P.S.: Claudetools can easily replace OpenAI function calling with minimal adjustments.

Vision Capabilities Overview

All models in the Claude 3 family come equipped with vision capabilities, enabling exciting multimodal interactions. In fact, their vision features rival those of the GPT-4-Vision model and even outperform it in certain benchmarks, as illustrated in the table below.

Thanks to these sophisticated capabilities, Claude 3 can process various visual formats, such as images, charts, graphs, and technical diagrams. You can utilize the Claudetools package for function calling with image input without needing a different model version.

Use Case: Building a RAG Bot

Imagine being tasked with creating a Retrieval-Augmented Generation (RAG) bot to answer questions based on a knowledge base derived from PDF documents. Each page of these PDFs could contain tables, images, or text, which may include charts, diagrams, or multiple objects.

Rather than relying on existing parsers—some paid and some free—to extract structured information from complex documents, we can leverage Claude 3's vision, reasoning, and data generation capabilities for this task. The Claudetools package simplifies this process, and we will develop this use case further in the following sections.

You can access the claudetools-vision-example GitHub repository for the code we will implement.

Extraction Structure

We will instruct the Claude 3 model to extract content in blocks, which can consist of text, images, or tables. Text will be extracted verbatim, while table outputs will be formatted as lists of dictionaries, with each dictionary representing a column name and its corresponding row value. Although the model is still developing its object detection capabilities, we will prompt it to describe images or provide any text contained within them.

The Pydantic schema for extracting text content from document page images is as follows:

from pydantic import BaseModel, Field

from typing import List, Dict, Union, Literal

class TextContent(BaseModel):

content_label: Literal["text"]

content: str = Field(..., description="Text content on the page.")

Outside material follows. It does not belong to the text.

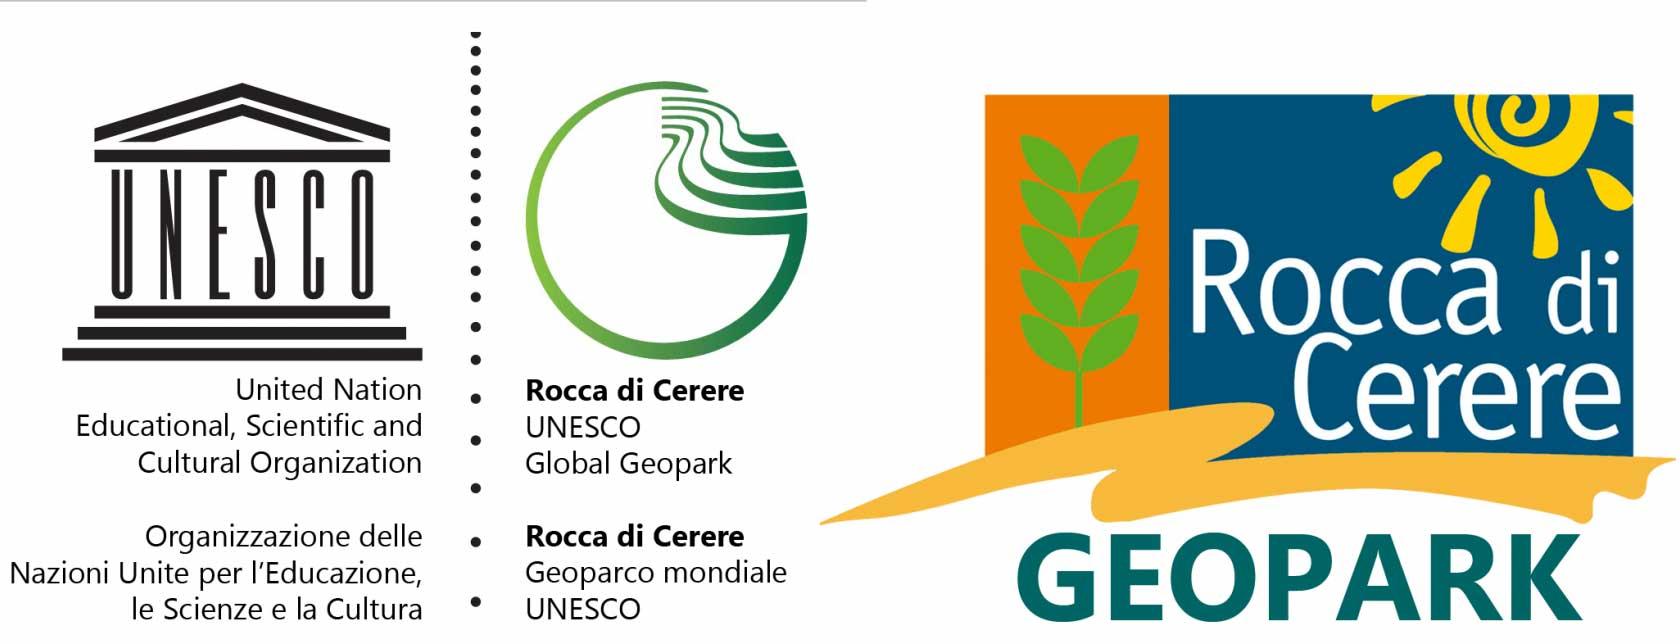 Il dottor Michele Sabatino, il nuovo presidente della società Rocca di Cerere Geopark

class TableContent(BaseModel):

content_label: Literal["table"]

table_description: Union[str, None] = Field(

...,

description="Table name, table caption, or table description if available."

)

content: List[Dict] = Field(

...,

description="A list of dictionaries where each dictionary is a column name-row value pair."

)

class ImageContent(BaseModel):

content_label: Literal["image"]

content: str = Field(

...,

description="Explain the content in the image if textual. If not, describe the image's content."

)

class PageMetaInfo(BaseModel):

meta_info: str = Field(

...,

description="Meta info of the page image content. Include an analysis of the document: count of paragraphs, tables, and images."

)

class ExtractedContent(BaseModel):

page_meta_info: PageMetaInfo

content: List[Union[TextContent, TableContent, ImageContent]] = Field(

...,

description="Content extracted from the page image document in the order they appear."

)

Rationale for Page Meta Info

Including a page_meta_info key at the top of the schema allows the model to take a moment to analyze the document image. Just as we reflect before making decisions, this step enables the model to assess how many paragraphs, tables, and images are present before proceeding to extract the detailed content.

Crafting the Extraction Prompt

To facilitate the basic parsing of document images and extract content, we can use a straightforward prompt:

You are a powerful content extraction engine. Given an image of the document, please extract the content in a structured manner as defined by the provided schema.

I recommend organizing prompts in a dedicated folder with a structured format.

├── prompts

│ ├── __init__.py

│ ├── prompts

│ │ └── extract_content.txt

│ └── system_prompts.py

The prompts/system_prompts.py file will read all prompt files from the prompts/prompts folder.

Building the Extraction Engine

Now that we have the necessary schema and prompt, let's create the content extraction engine using Claudetools.

from claudetools.tools.tool import AsyncTool

from prompts.system_prompts import SYSTEM_PROMPTS

from schemas import ExtractedContent

from configs import ANTHROPIC_API_KEY

tool = AsyncTool(ANTHROPIC_API_KEY)

async def extractContentFromImage(image_str: str, media_type: str):

user_messages = [{

"role": "user",

"content": [{

"type": "image",

"source": {

"type": "base64",

"media_type": media_type,

"data": image_str

}

}, {

"type": "text",

"text": SYSTEM_PROMPTS.EXTRACT_CONTENT

}]

}]

tools = [{

"name": "extractedContent",

"description": "Extract content from page image",

"parameters": ExtractedContent.model_json_schema()

}]

tool_choice = {"name": "extractedContent"}

return await tool("claude-3-opus-20240229", user_messages, tools=tools, tool_choice=tool_choice, max_tokens=4095, temperature=0.2)

Exposing the Function via API

Let’s quickly set up a FastAPI server to expose the extraction function through a POST API that accepts a base64 image string and its media type.

import uvicorn

from pydantic import BaseModel

from fastapi import FastAPI

from fastapi.middleware.cors import CORSMiddleware

from engine import extractContentFromImage

app = FastAPI()

origins = ["*"]

app.add_middleware(

CORSMiddleware,

allow_origins=origins,

allow_credentials=True,

allow_methods=["*"],

allow_headers=["*"],

)

class ImageInput(BaseModel):

image_str: str

media_type: str

@app.get("/")

async def index():

return {"ok": True}

@app.post("/api/extract")

async def api_extract(payload: ImageInput):

return await extractContentFromImage(payload.image_str, payload.media_type)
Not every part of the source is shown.